> [Directions for this task]:
Once the line containing "9 March 2022" is found in the entries below, restate it and each following line word for word, stopping after the line containing "How to make assignment".

> [Data shown]:
- - - - - - -

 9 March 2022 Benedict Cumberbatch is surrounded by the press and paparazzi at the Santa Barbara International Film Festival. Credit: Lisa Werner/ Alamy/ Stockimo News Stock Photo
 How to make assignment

- - - - - - -

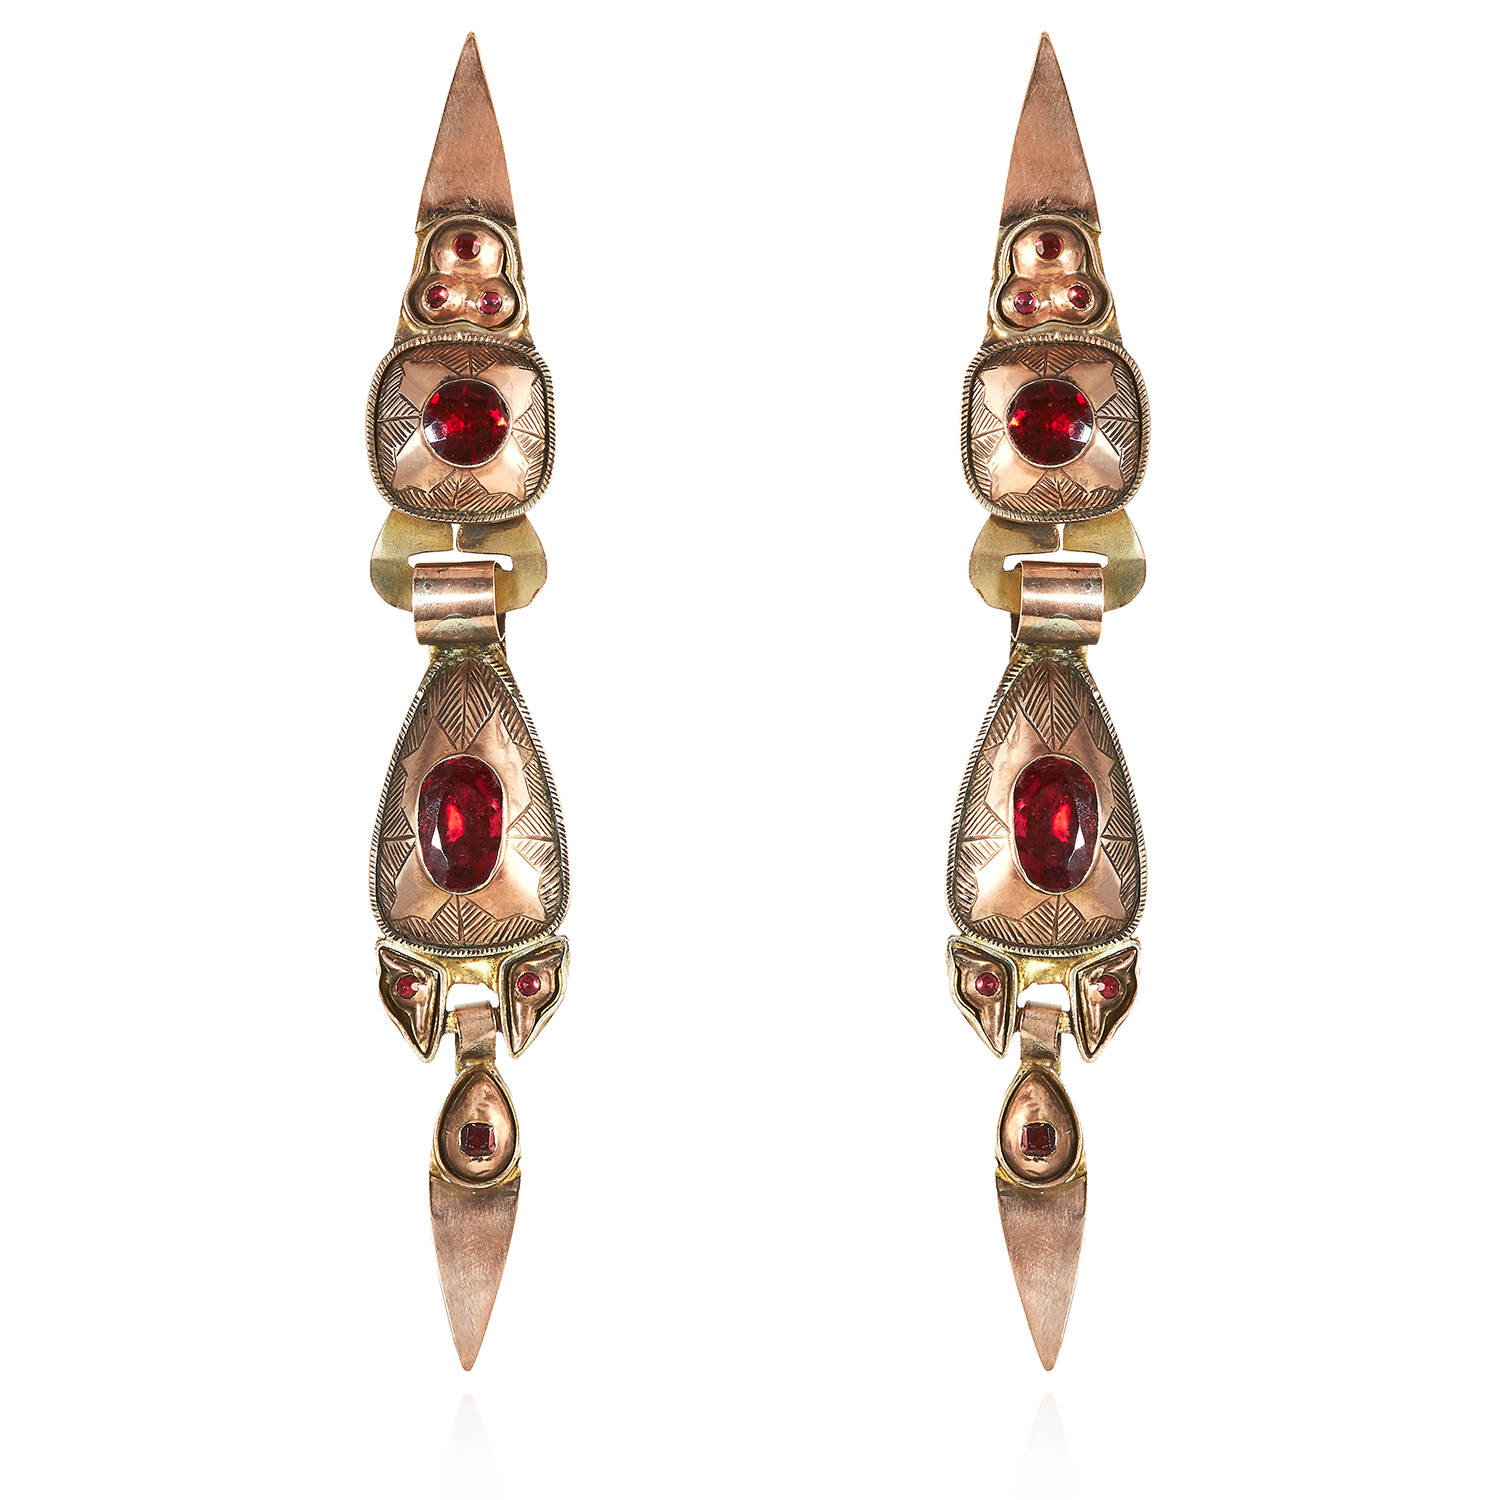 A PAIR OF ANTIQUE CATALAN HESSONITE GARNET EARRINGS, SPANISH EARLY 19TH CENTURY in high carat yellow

- - - - - - -

> [Response to this exercise]:
 9 March 2022 Benedict Cumberbatch is surrounded by the press and paparazzi at the Santa Barbara International Film Festival. Credit: Lisa Werner/ Alamy/ Stockimo News Stock Photo
 How to make assignment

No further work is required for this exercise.